▽
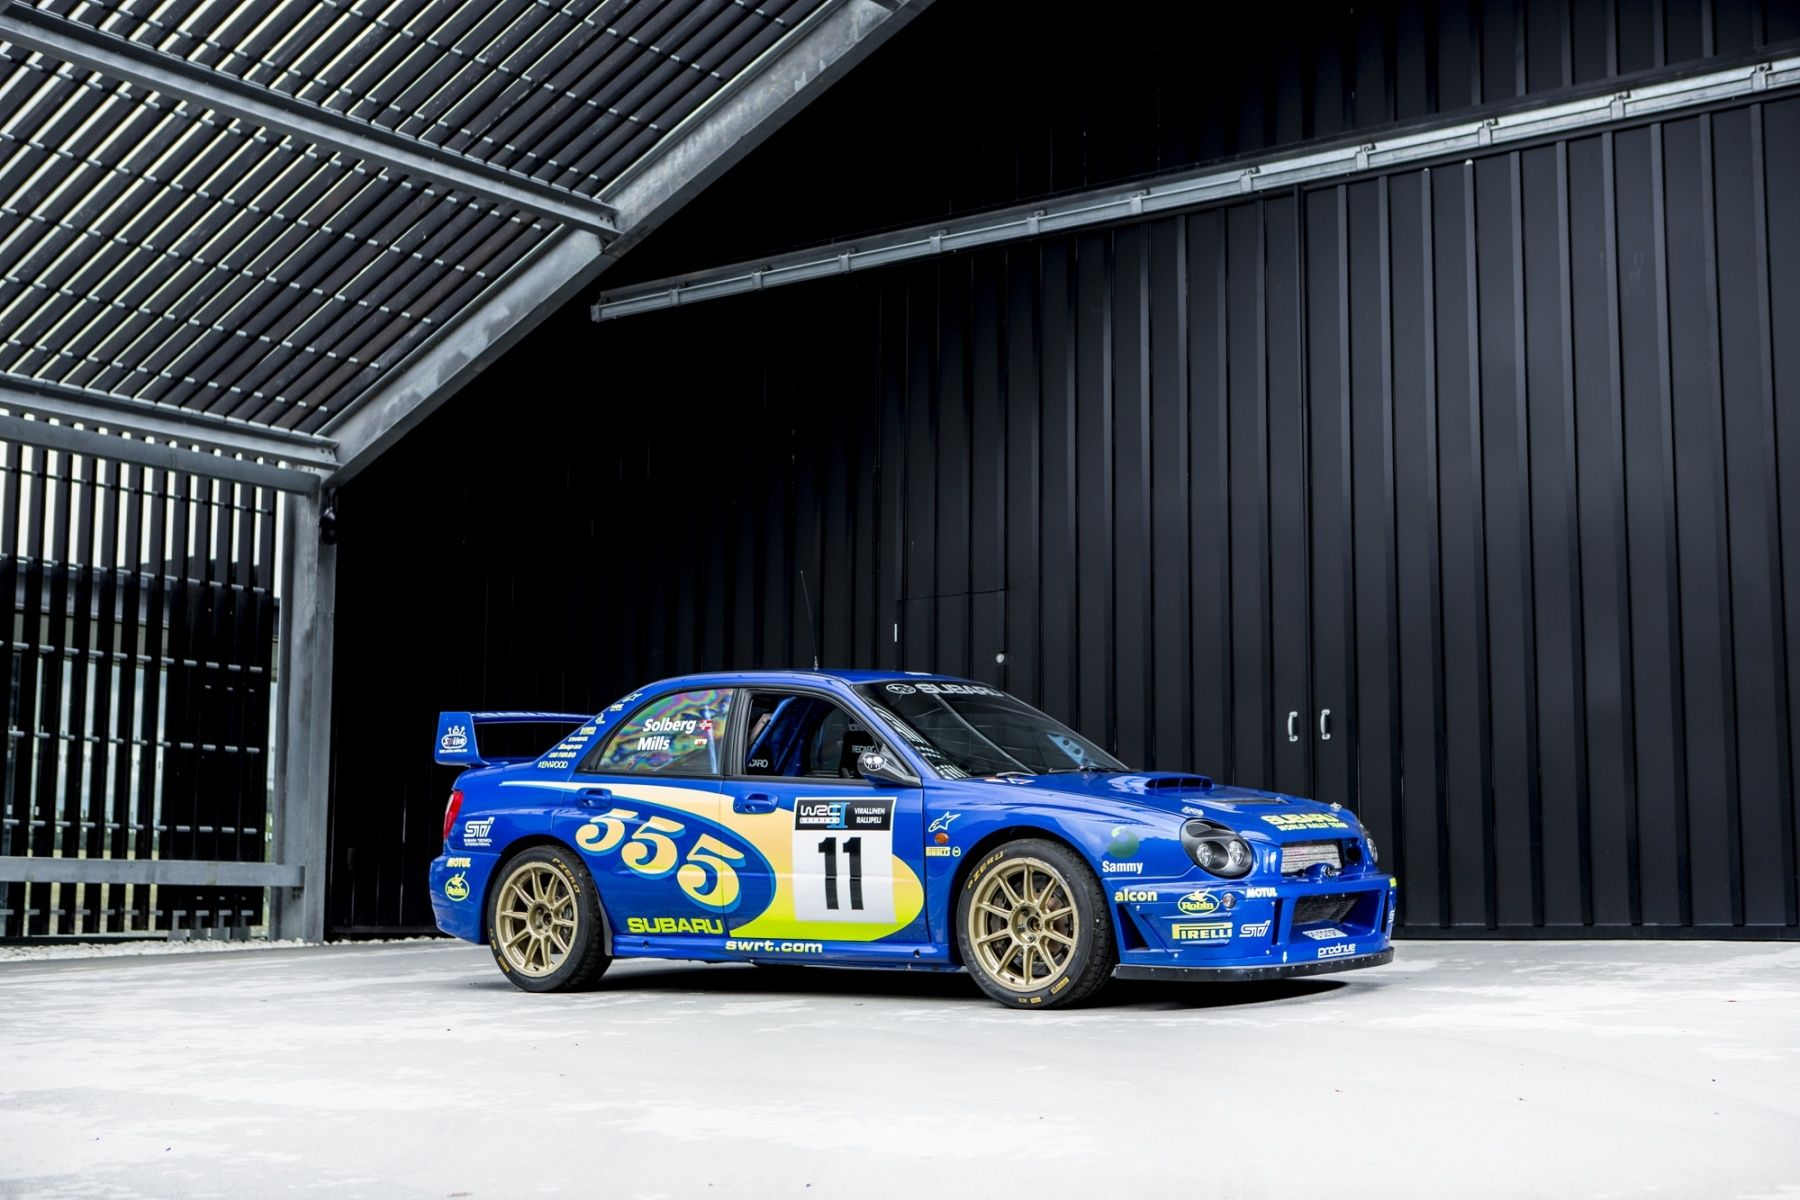 2002 Subaru Impreza Wrc Classic Driver Market Subaru Subaru Impreza Wrc Subaru Impreza
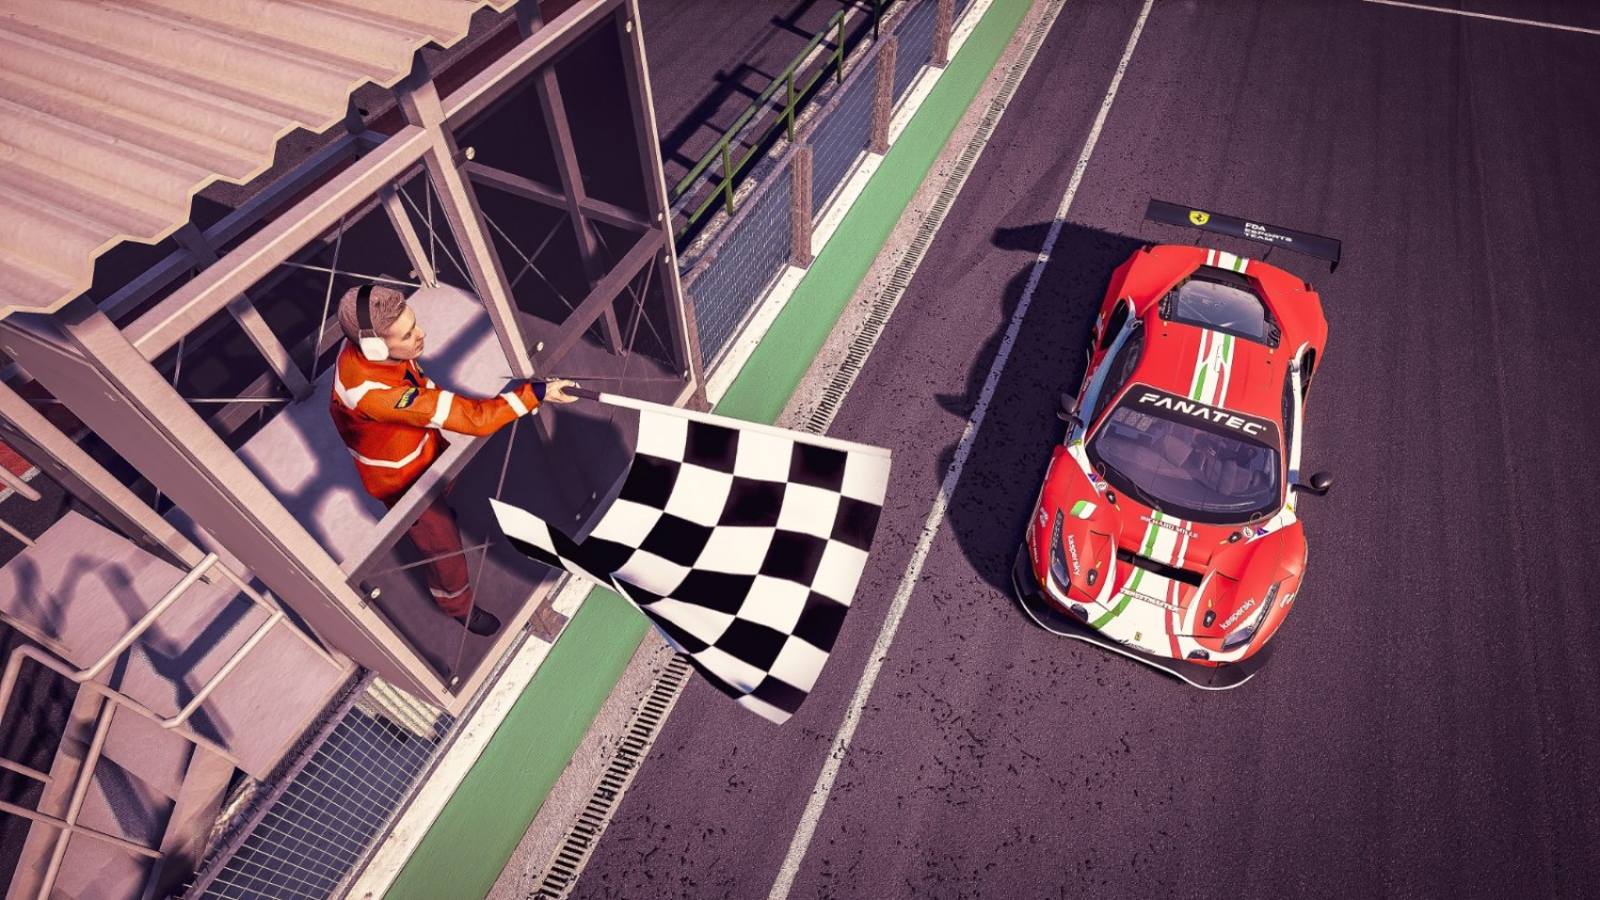 ESPORTS: Ferrari ace Tonizza opens up championship advantage with measured Hungaroring victory
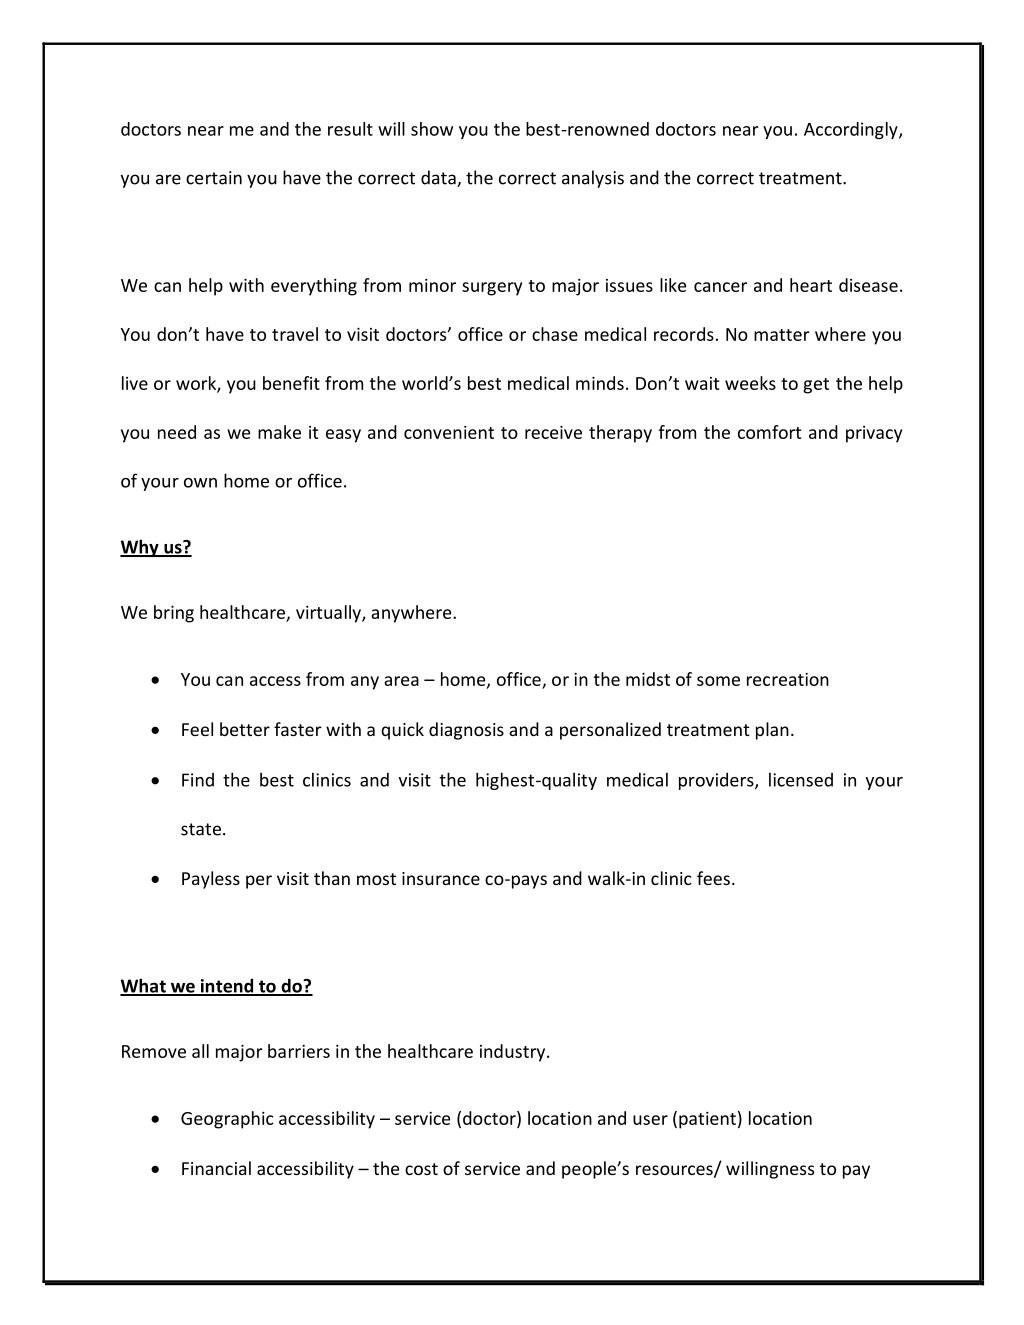 PPT - Find-Best-Clinics PowerPoint Presentation - ID:7902992
△
WORK INSTRUCTION ▸ Make an exact copy of the listing above. Its pictures are not needed.

SOLUTION BELOW ▸
 2002 Subaru Impreza Wrc Classic Driver Market Subaru Subaru Impreza Wrc Subaru Impreza
 ESPORTS: Ferrari ace Tonizza opens up championship advantage with measured Hungaroring victory
 PPT - Find-Best-Clinics PowerPoint Presentation - ID:7902992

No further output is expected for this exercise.